2

When using Selenium, I often use driver.find_element(By.XPATH, ) rather than driver.find_element(By.CSS_SELECTOR, ). I find it easy to copy the XPATH rather than understanding the HTML structure of the website.

But I had a little problem. Recently I noticed that most of my scripts using XPATH don't work because the XPATHtends to change. Is their a way to fix this problem? And is there a difference between xpath and full xpath?

devCharaf
  • 242
  • 2
  • 12
  • Correct me if I am wrong, but I guess the ```CSS_SELECTOR``` may also change, depending on the website owner, but maybe less likely than the ```XPATH``` – devCharaf Feb 01 '22 at 15:22
  • @jaSON It does answer the second part of the question thanks! – devCharaf Feb 01 '22 at 19:58

2 Answers2

2

This is a basic problem with screen scraping. The information on an HTML page is designed for human users, not for software access, and it will change over time based on the perceived needs of human users, ignoring the needs of screen scrapers.

You haven't said what you're using Selenium for. The two main users are (a) software testing (to check that your software is displaying the screen correctly) and (b) scraping data from third-party web sites. The strategy for solving the problem is different for the two cases.

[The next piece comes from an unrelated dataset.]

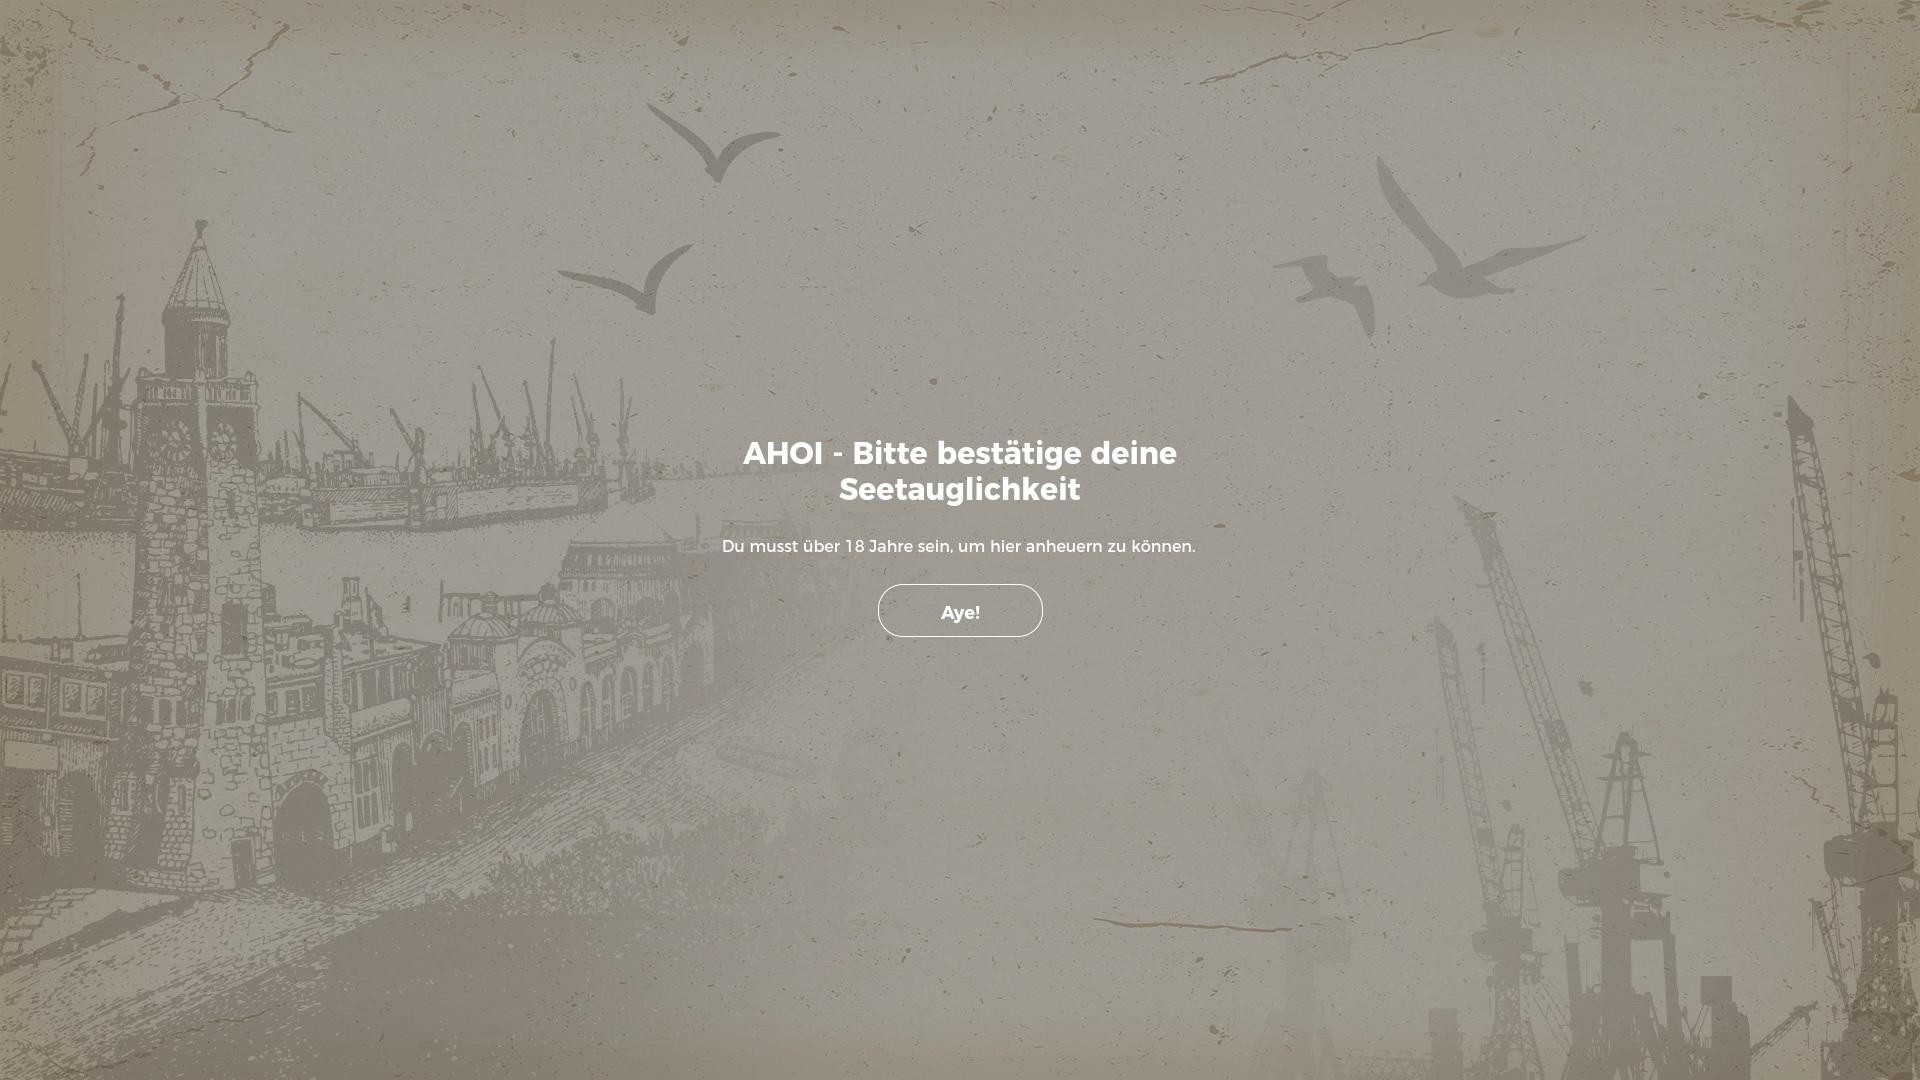 Gutschein für Ahoi-rum: Rabatte für  Ahoi-rum sichern

For testing, try to test as much of the functionality of your application as possible using unit tests that don't rely on looking at the HTML; only look at the HTML where you actually need to test the user interface. For those tests, you're going to have to face the fact that when the HTML changes, the tests have to change.

For extracting data from third-party web sites, use a published API to the data in preference to screen-scraping if you possibly can - even if you have to pay for access, it will be cheaper in the long run. Scraping the data off HTML pages is inefficient and it leaves you completely exposed to unannounced changes the screen appearance.

Having said that, there are ways of writing XPath that make it more resilient to such changes. But only if you guess correctly what aspects of the page are likely to change, and what's likely to remain stable. It's not a difference between "xpath" and "full xpath" as you suggest, rather there are different ways of writing XPath expressions to make them resilient to changes in the HTML. Clearly for example //tr[td[1]='London']/td[2] is more likely to keep working than //div[3]/div[1]/table[9]/tbody/tr[43]/td[2].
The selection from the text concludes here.